Photo by Jack GouldFive years ago, OC fashion designer Mossimo Giannulli was untouchable. Two years ago, he was nearly bankrupt. Today, he's in Target.

Not the man but his clothes: brightly colored, inexpensive, surprisingly well-made versions of the chic, surf-inspired clothes that once sold—for far too much money—in boutiques and select department stores. And there's a ton of it: racks and racks of women's clothes, men's clothes, kids' clothes, all of it prominently displayed under huge, hanging Mossimo placards. There's even a line of Mossimo hair products.

It's the result of a three-year, $28 million contract with Target—a move many regard as the equivalent of Mossimo turning into a big old hunk of cheese. Well, except that the clothes are cute.

“I'm in shock,” says a woman who worked as a sales rep for Mossimo until April 1999, when the company laid off 90 percent of its workforce. “Target just seemed so beneath him. I thought the clothes were going to be so cheesy, but I think they're totally cute. I'm almost buying as much Mossimo stuff at Target as when I worked at Mossimo.”

She holds out the sleeve of a crimson duster jacket. “When we sold this at Macy's, it would have been $75.” At Target, it's $29.

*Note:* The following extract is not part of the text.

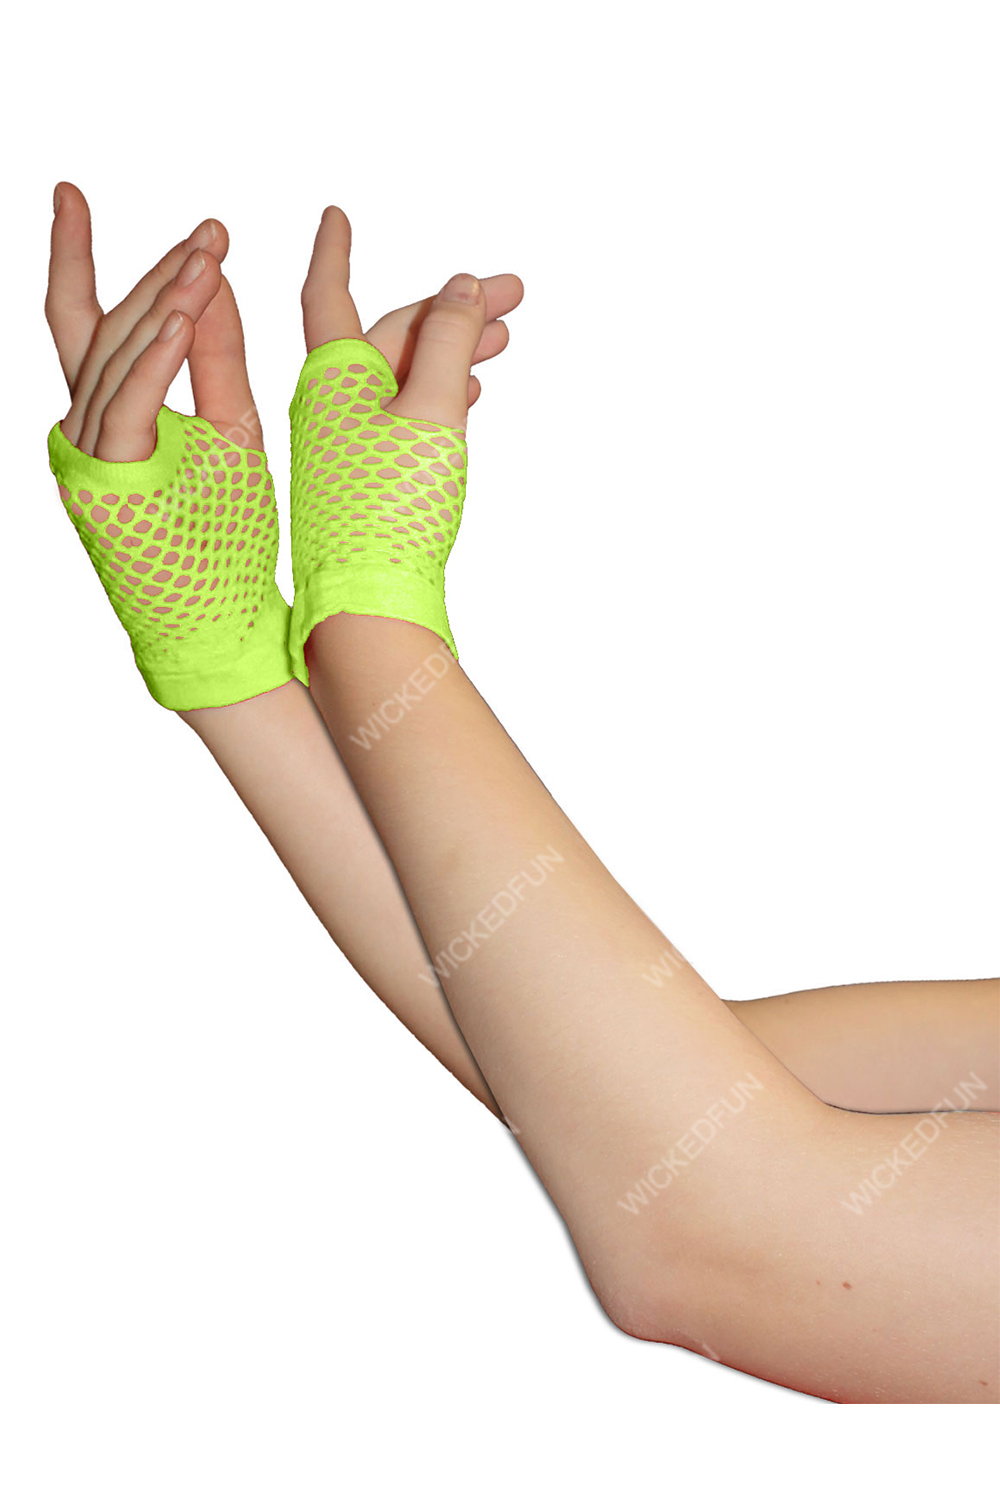 Wickedfun Green Fingerless Short Fishnet Gloves (Pack of 12 pairs)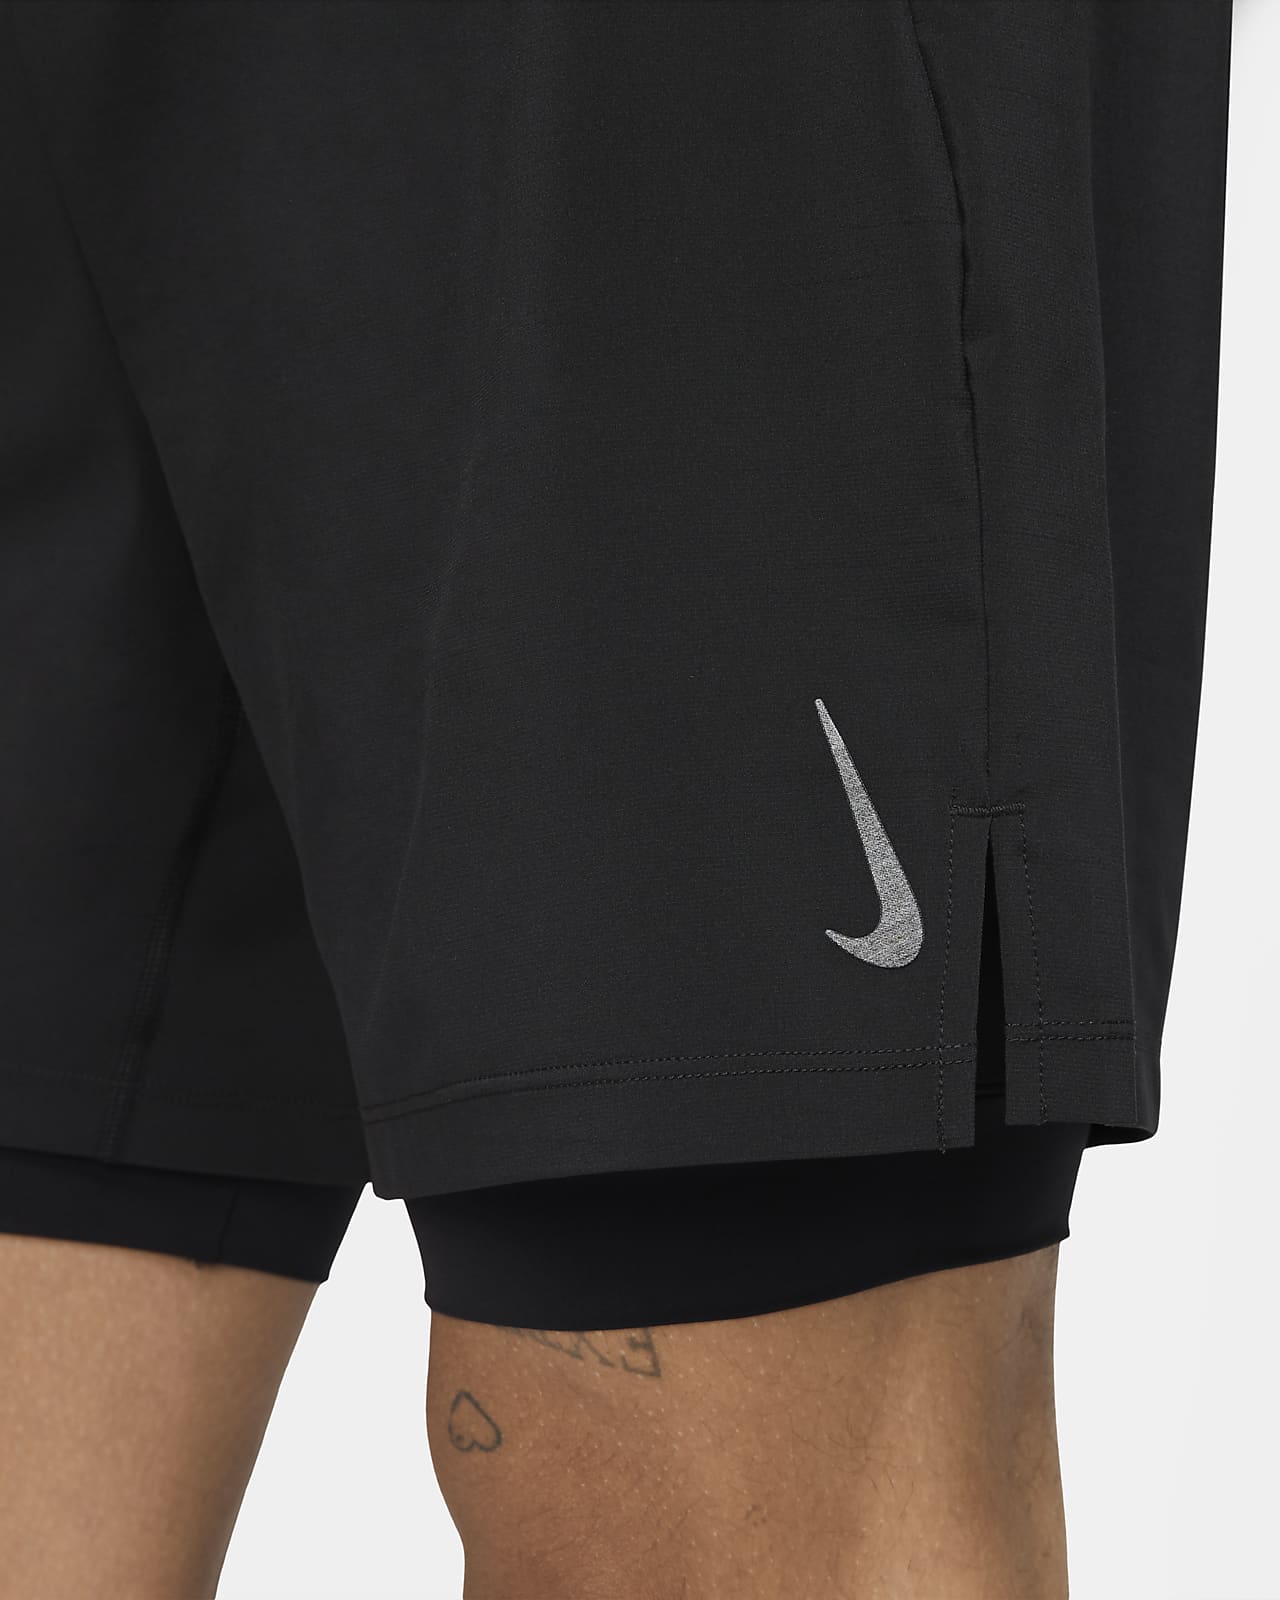 Nike Forward Shorts Men's Shorts. Nike LU

On this day at Target, right next to a rack of jackets, she has coincidentally run into another ex-Mossimo sales rep. They haven't seen each other since they lost their jobs, so there's much to catch up on: new jobs, new relationships, whereabouts of co-workers, what they think of the clothes (they're surprisingly cute), what they thought they would think (they wanted to hate them), and how they feel about shopping for clothes at Target (well, kind of sheepish, but isn't that stupid?)

“Now, see, I want to buy this,” says one of the women, pointing to an orange, pink and red polka-dot duster jacket (which doesn't look like a pile of vomit even though it sounds like it should), “but I'm not going to. I would have bought this. This is something I would totally buy.”

And she's not going to buy it because
. . . ? “Because it's so easily identifiable,” she says.

It's not like she's ashamed of shopping at Target, but it's not like she's not ashamed, either. She knows it's kind of dumb to care, but still—she would just rather not be seen wearing the same really cute jacket that everyone else is wearing that they all also bought at Target.

“But I might buy it in red,” she says, laughing. “Hey, you're not going to use my name are you?” She'd rather I didn't. And then: “Isn't that stupid of me?”